The Great Lakes featured high abundances of cisco (Coregonus artedi) until the mid- 1900s when their stocks collapsed. Since that time, the stocks have rebounded in Lake Superior, although they once again appear to be in decline. The original decline in the mid-1900s was attributed to a variety of anthropogenic factors including overfishing, pollution, and introduced species. Even when stocks were abundant, it was noted that large spawning stocks did not necessarily lead to large recruitment classes and, similarly, small spawning stocks could sometimes result in large recruitment classes. Factors quantitatively linked to recruitment have been evaluated previously using Ricker stock-recruitment models.
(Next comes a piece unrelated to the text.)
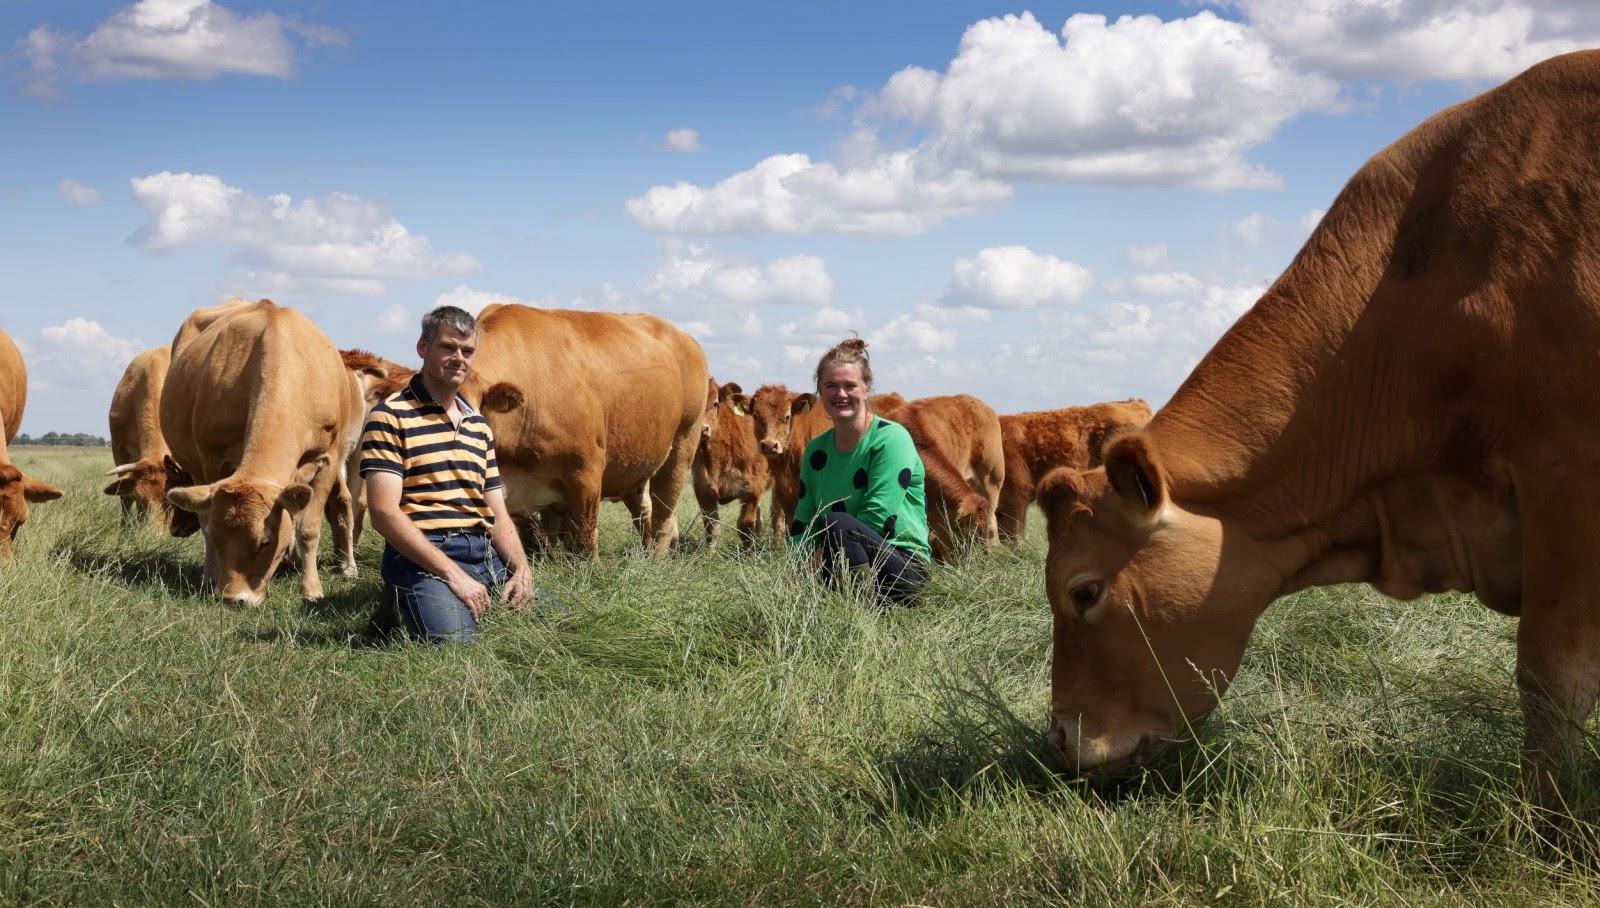 Duurzame boerderij Hoeve Kazan pioniert met natuur inclusieve landbouw en crowdfundt bijna twee ton voor nieuwe stal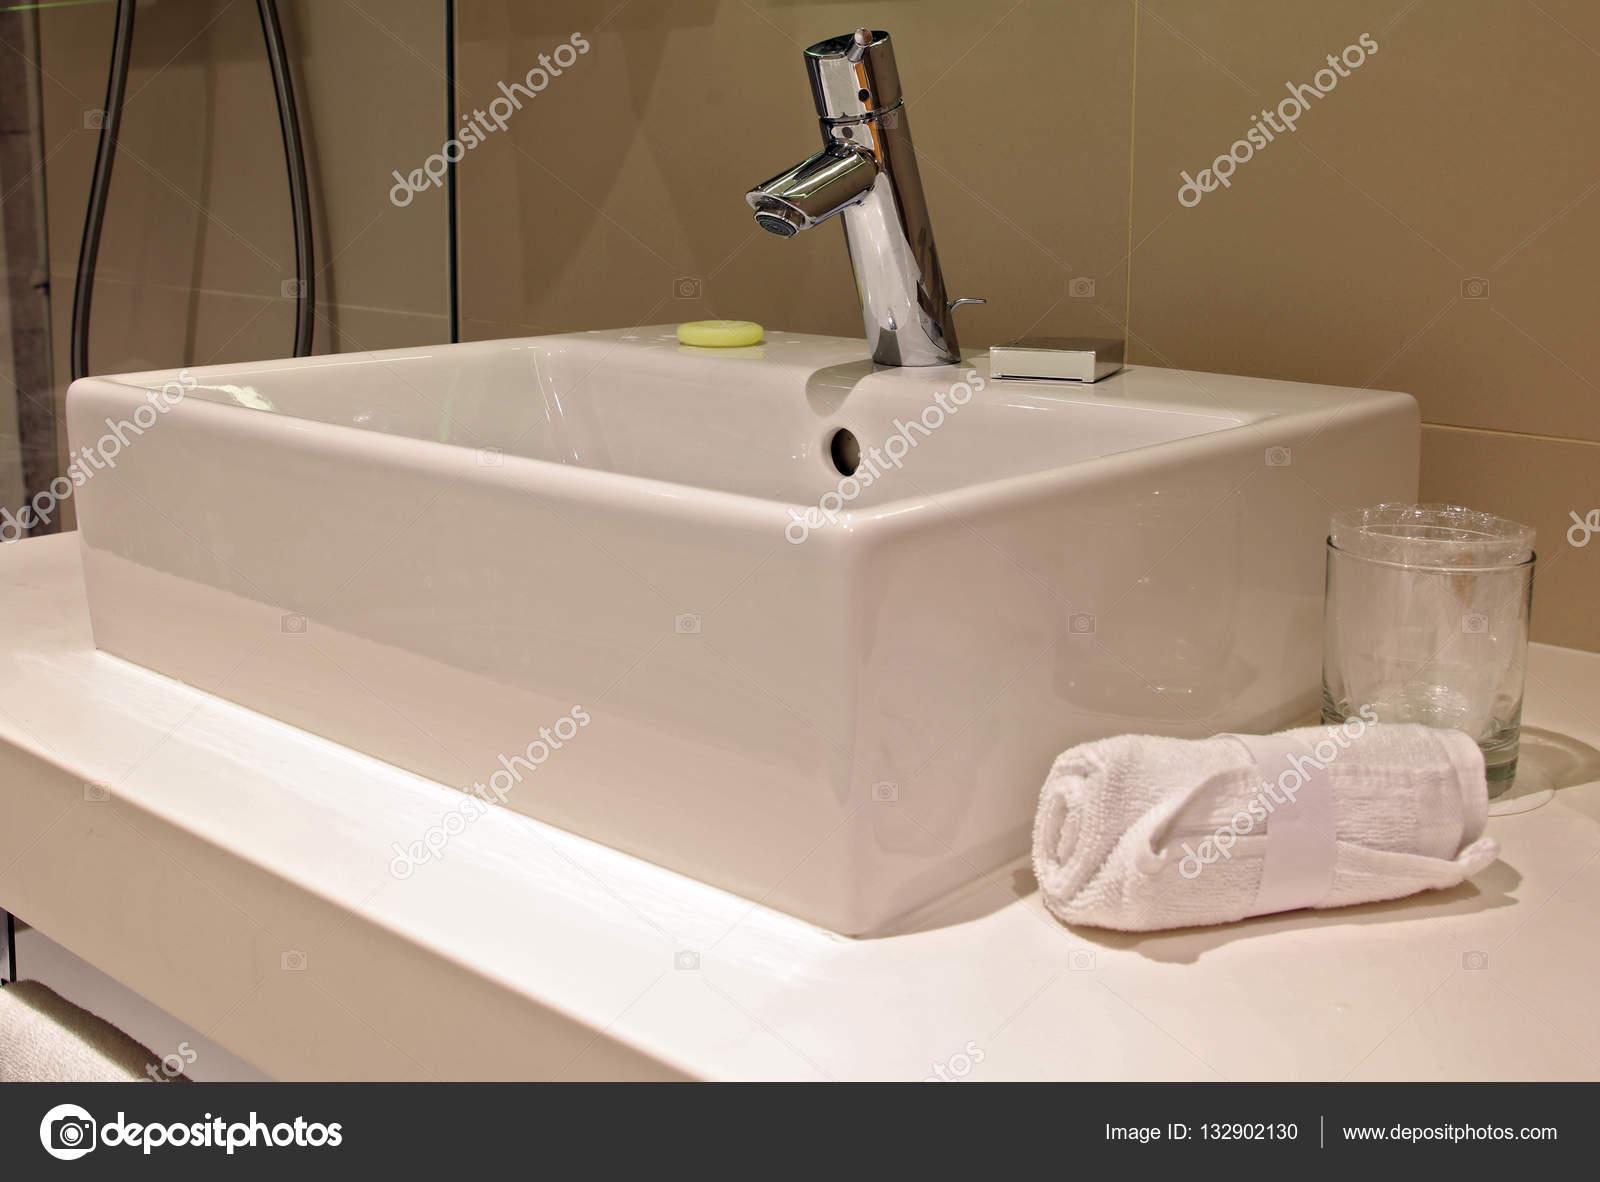 Lavabo Del Bano Lavabos Sanitarios En Moderno Minimalista Foto - Lavabos-minimalistas

Our project will build on existing knowledge of cisco life history dynamics by aggregating historical and contemporary datasets collected on Lake Superior. We are using a multi-faceted approach to compare the impacts of environmental covariates on cisco life stages. One method is the Bad Recruitment Paradigm which emphasizes the importance of environmental extremes and how the impacts of these extreme thresholds can lead to bad recruitment based on cisco tolerance. We are looking at the effects of air and water temperatures, wind speeds, and seasonal average ice coverage.

Another approach is using a Multivariate Auto-Regressive State Space model that looks at the suite of environmental covariates and helps select which of the environmental influences has the most impact to high or low recruitment years. We plan to supplement this with Boosted Regression Trees or a Random Forest Model.